Evernote-App in der Übersicht
Evernote-App in der Übersicht

Ich selber nutze die Premium-Variante von Evernote (Kosten 39,99€ pro Jahr, Affiliatelink, d.h. bei Registrierung bekomme ich Punkte gut geschrieben). Es gibt noch eine kostenfreie und eine Plus-Version. Je nach Variante sind evtl. Features, die ich unten beschreibe, verfügbar oder nicht.

Meine Lieblingsfunktionen in Evernote

Alles synchron auf Wunsch

Evernote synchronisiert standardmäßig deine Notizen über die Cloud. Das heißt: Egal von wo oder mit welchen Gerät du auf deine Notizen zugreifst, alles ist immer am gleichen Platz und vollständig vorhanden.

Auf Wunsch kannst du am Rechner aber auch lokale Notizbücher anlegen, die dann nur dort verfügbar sind.

Du kannst einzelne Notizbücher auch offline verfügbar machen. Super, wenn man gerade ohne Internet unterwegs ist und trotzdem auf spezielle Notizen zugreifen kann.

Webclipper und Evernote-Helfer

Am häufigsten nutze ich Evernote, um interessante Artikel aus dem Internet zu speichern. Hier kommt der Webclipper zum Einsatz. Das ist eine Browsererweiterung von Evernote, mit der du Internetseiten speichern kannst. Dabei kannst du entscheiden, in welcher Form du den Inhalt speichern möchtest.
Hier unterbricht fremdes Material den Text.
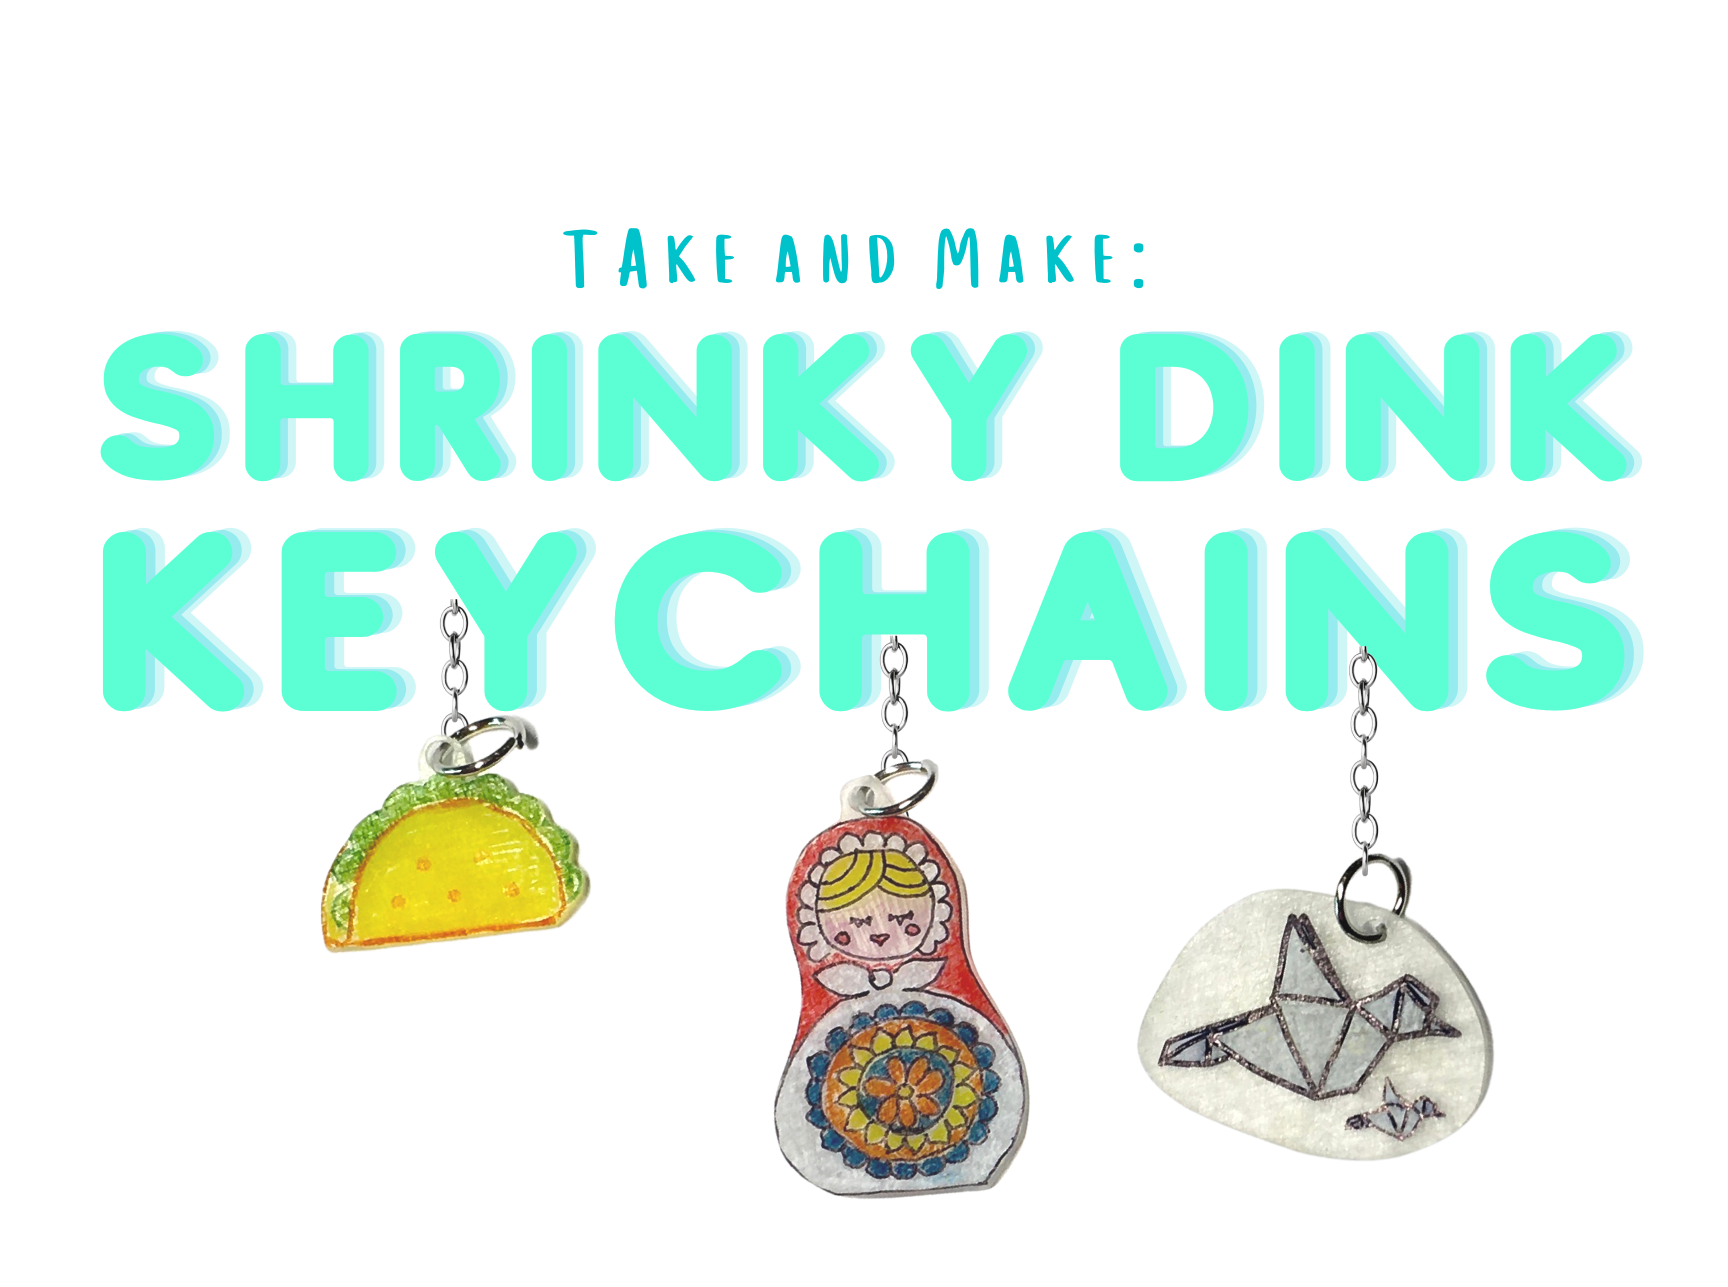 Shrinky Dink Keychains hanging from the words.

Der Evernote-Webclipper zum Speichern von Webartikeln
Der Evernote-Webclipper zum Speichern von Webinhalten in verschiedenen Formaten

Möglich sind:

  • Artikel (mit Layout, Bereiche können entfernt oder erweitert werden)
  • Artikel ohne Formatierung (Hauptabschnitt ohne Layout)
  • Ganze Seite (statische Kopie der Seite)
  • Lesezeichen (Link, Bild, kurzer Text)
  • Schnappschuss (frei definierbarer Screenshot, kann nachträglich bearbeitet und mit Stempeln, Text etc. ergänzt werden)
  • Auswahl (Text oder einzelne Bilder)

Für PDF, Gmail, LinkedIn, YouTube-Videos oder Amazonartikel gibt es spezielle Formate, die automatisch vorgeschlagen werden.
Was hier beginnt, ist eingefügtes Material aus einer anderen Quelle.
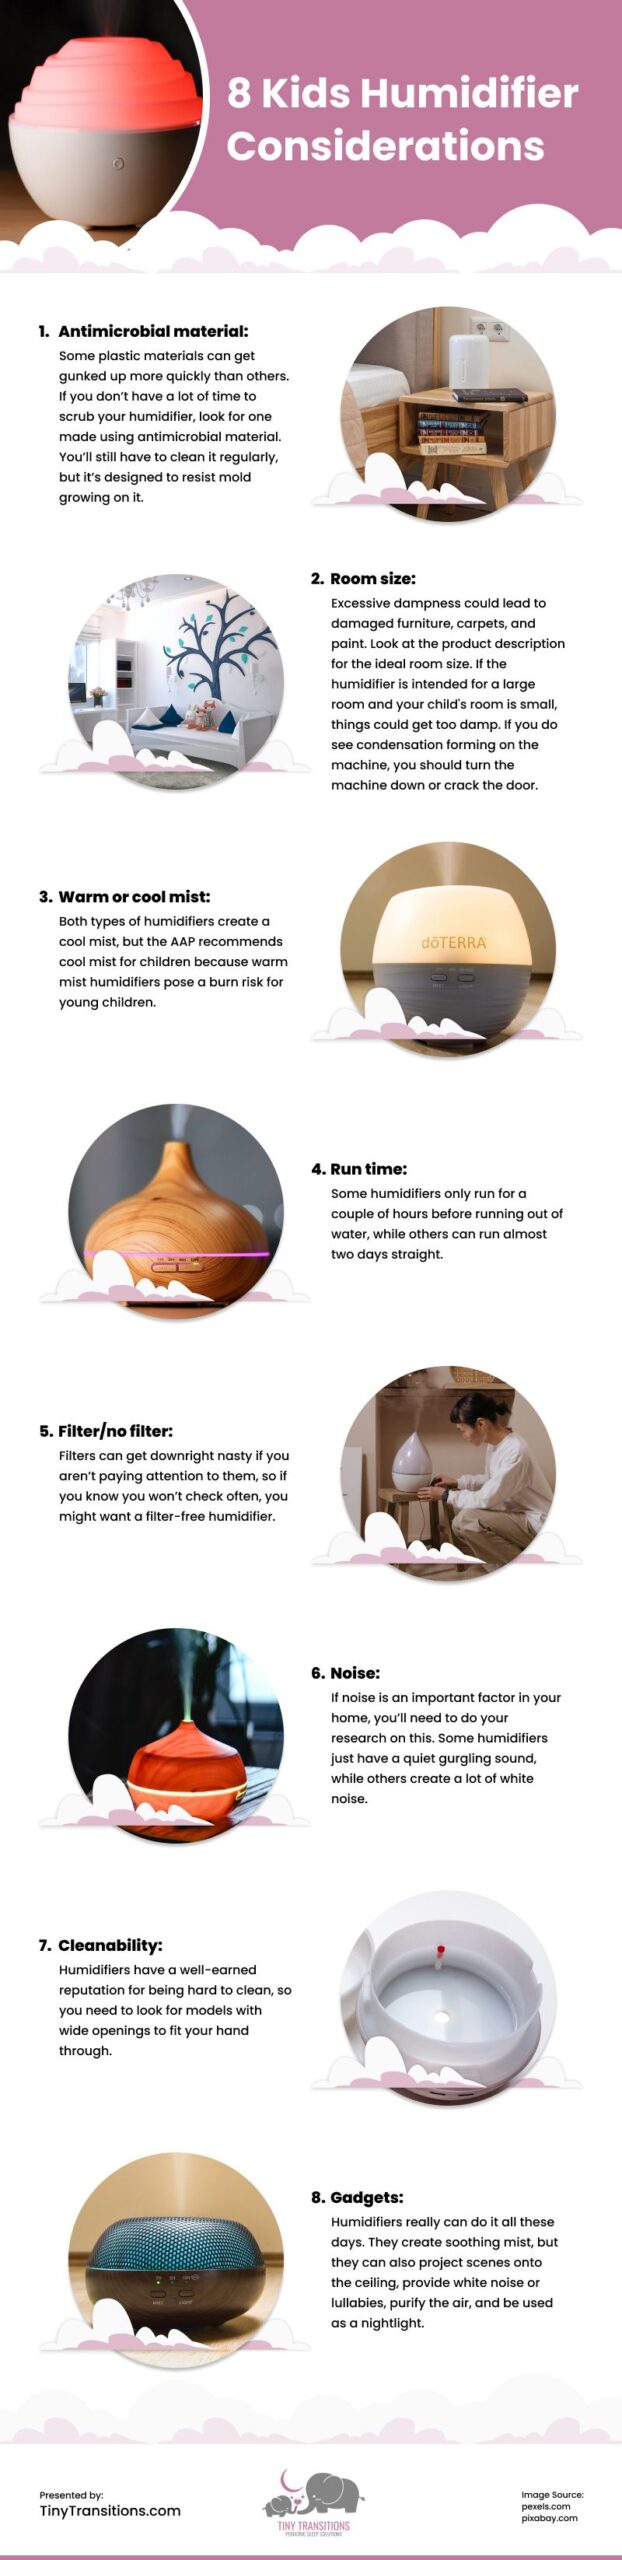 8 Kids Humidifier Considerations Infographic

Der Vorteil von Evernote als Speicherort gegenüber der Lesezeichenleiste:

  • Die Inhalte sind komplett durchsuchbar und organisierbar.
  • Die Inhalte sind noch verfügbar, wenn die Quelle nicht mehr vorhanden ist.

Direkt im Webclipper kannst du bereits die Notiz organisieren, d.h. Notizbuch und Schlagwörter anlegen. Ein Link zur Quelle wird übrigens immer mitgespeichert.

Der Evernote-Helper ist eine kleine Rechnererweiterung, mit der man schnell Notizen außerhalb des Programms anlegen kann. Ich nutze sie vor allem um schnell Screenshots abzuspeichern.

Flexible Organisation

Ein großer Vorteil von Evernote ist, dass es einem nicht streng vorgibt, wie man damit arbeiten soll. Es ist flexibel und passt sich den eigenen Anforderungen an.

Die Grundeinheit von Evernote ist eine Notiz. Diese Notiz kann Text und / oder Bilder enthalten. Mitgespeichert wird das Erstellungsdatum und ggf. die Quelle.

Die einzelnen Notizen können mit Hilfe von

  • Notizbüchern,
  • Notizbuchstapeln und
  • Schlagwörtern

organisiert werden.

Eine Notiz kann nur in ein Notizbuch abgelegt werden, ein Notizbuch nur in einem Stapel. Schlagwörter kann eine Notiz dagegen sehr viele enthalten.

Damit baust du dir deine eigene Organisationsstruktur auf und dabei gibt es eine Regel: Es gibt kein richtig oder falsch. Mach es so, wie es zu dir passt!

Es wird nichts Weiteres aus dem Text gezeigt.